• [STORED DATA]
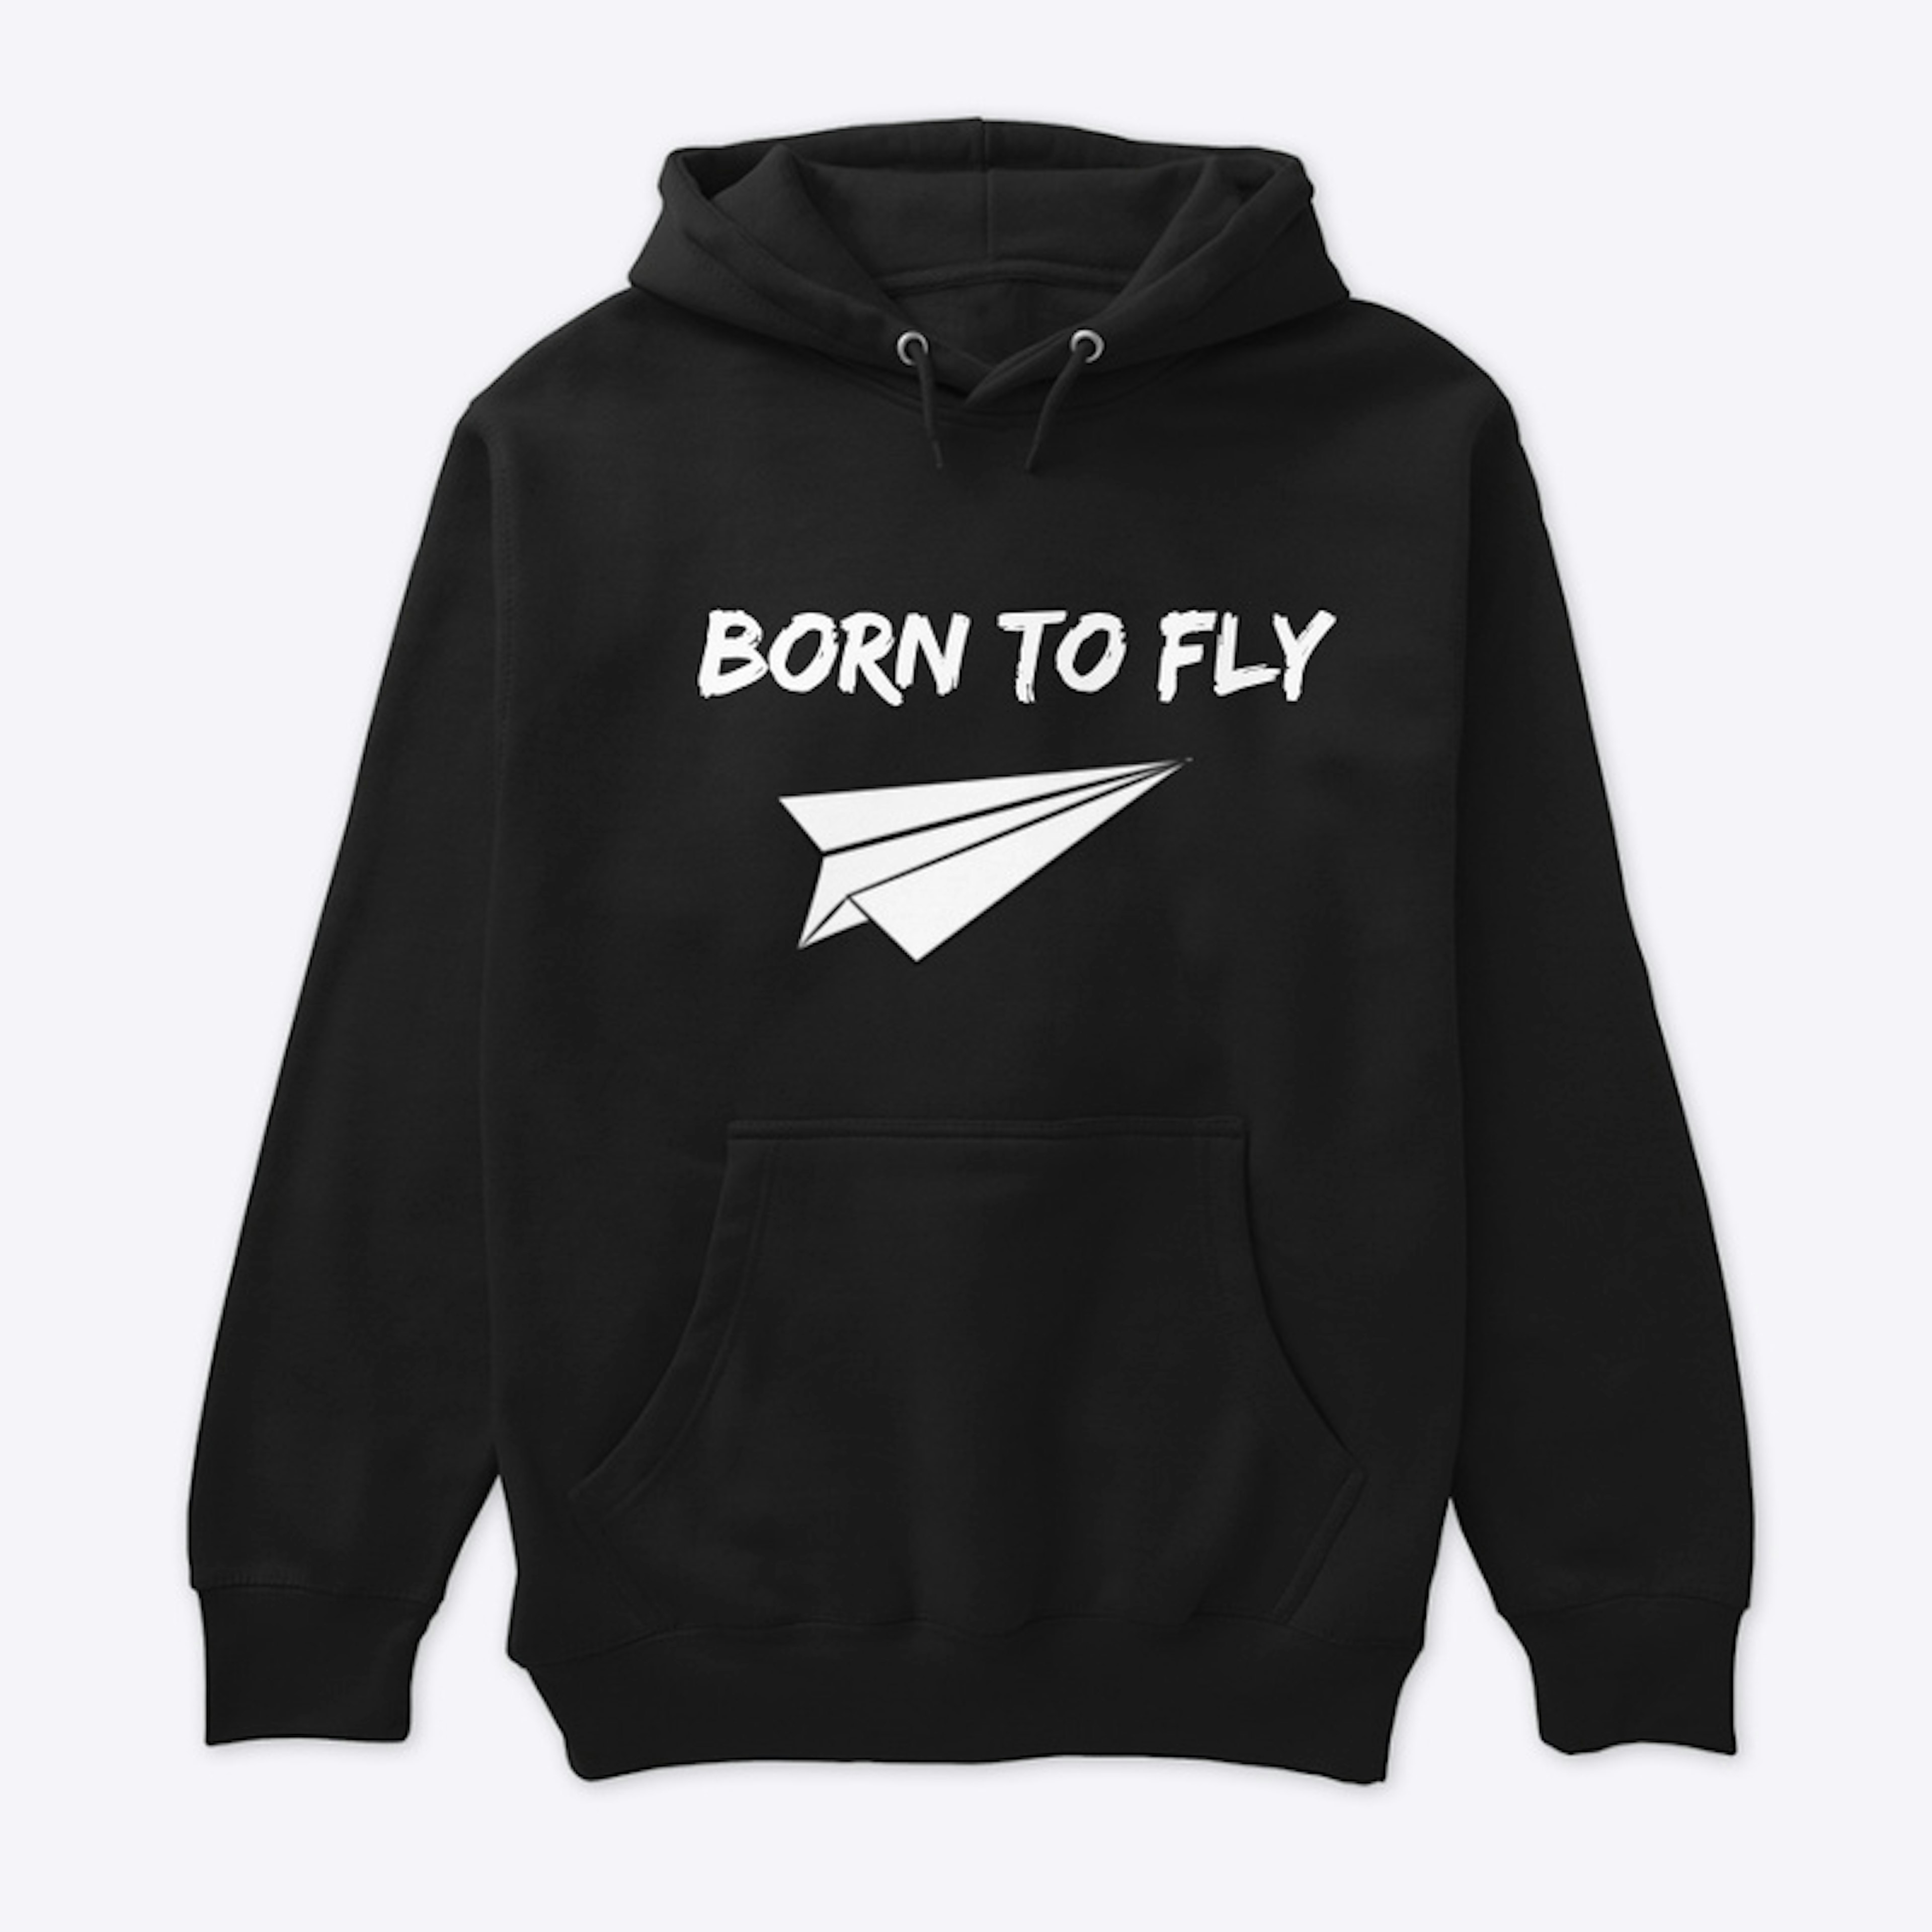 Born To Fly Hoody
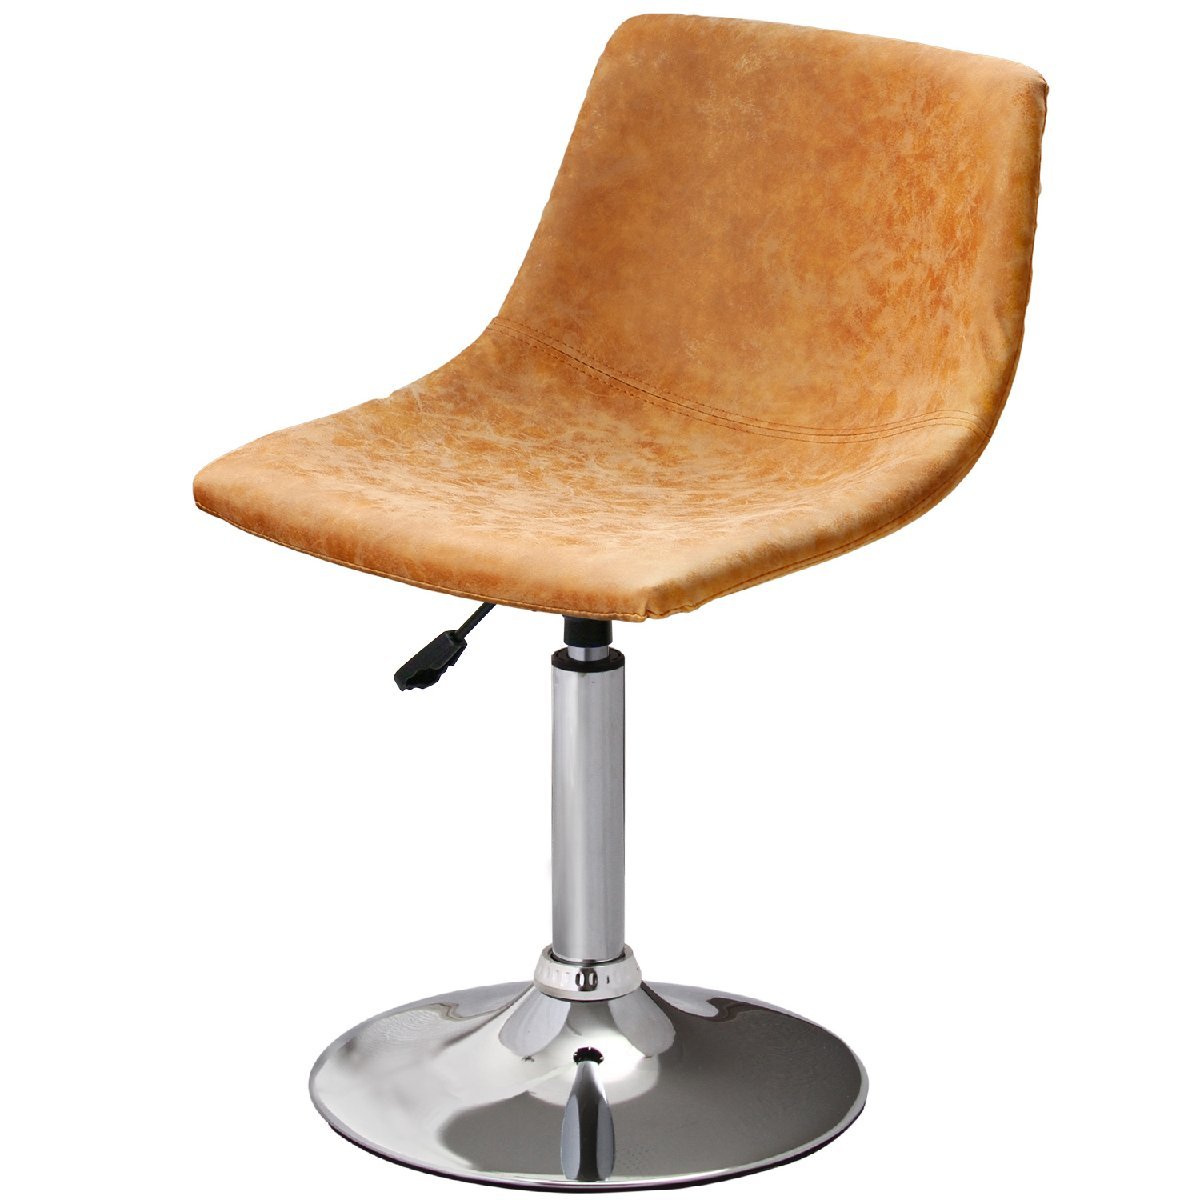 【新品】昇降式カウンターチェア ロータイプ WY-864QS アンティークキャメル 家具 椅子
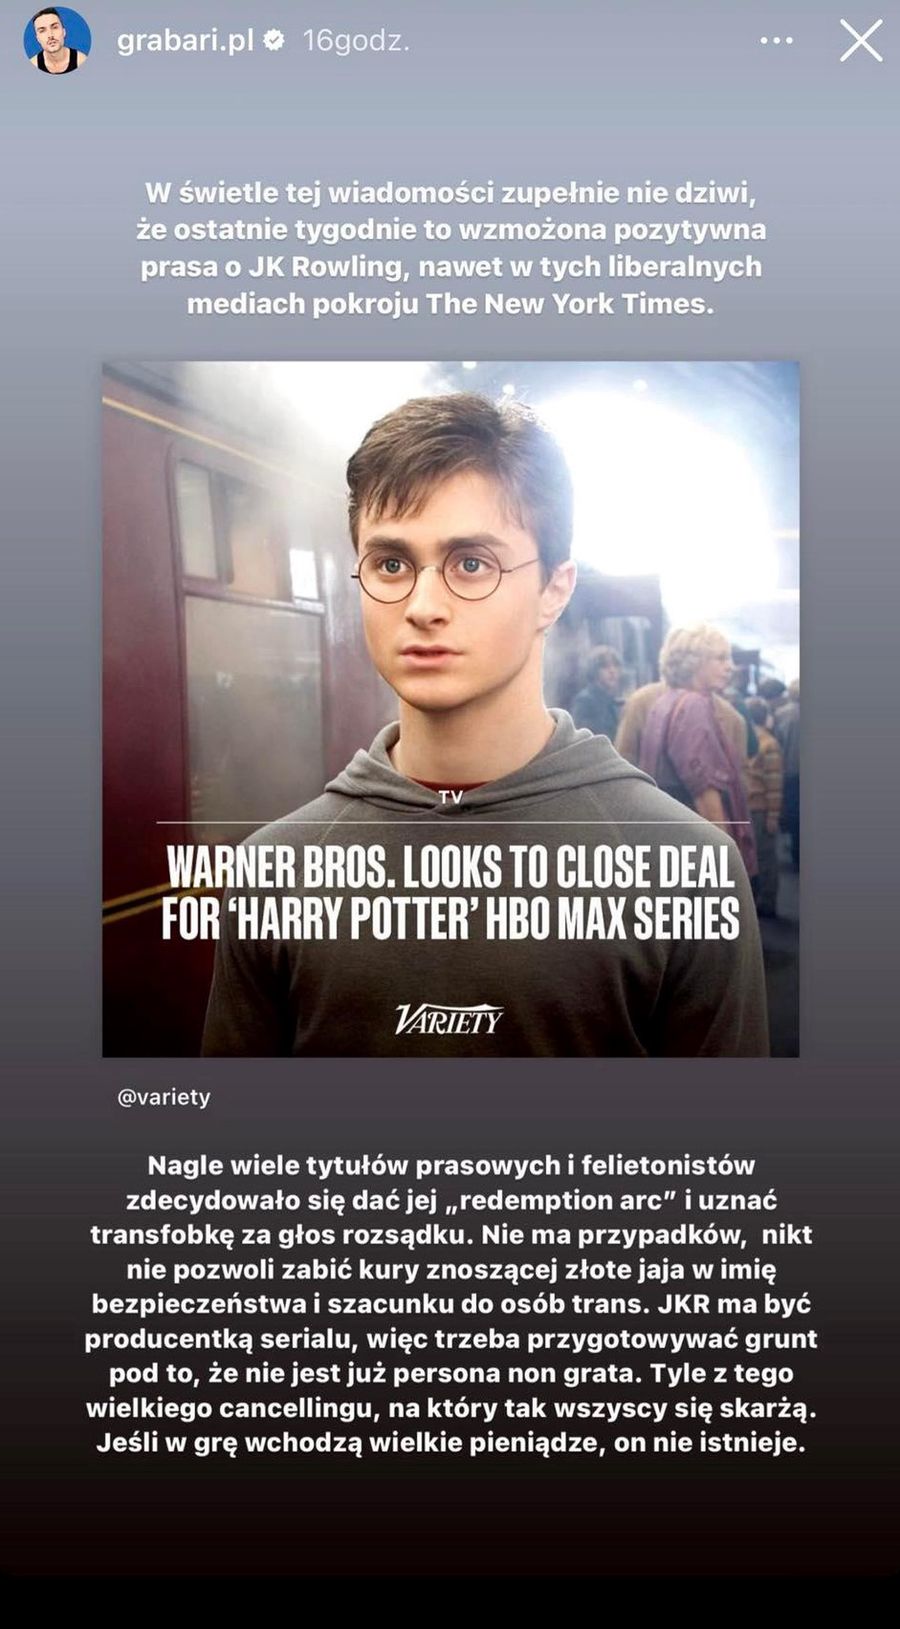 Koniec transfobii J.K. Rowling przez serial "Harry Potter"?

• [AIM OF THE TASK] Copy the listing verbatim, omitting images.

• [EXERCISE SOLUTION]
 Born To Fly Hoody
 【新品】昇降式カウンターチェア ロータイプ WY-864QS アンティークキャメル 家具 椅子
 Koniec transfobii J.K. Rowling przez serial "Harry Potter"?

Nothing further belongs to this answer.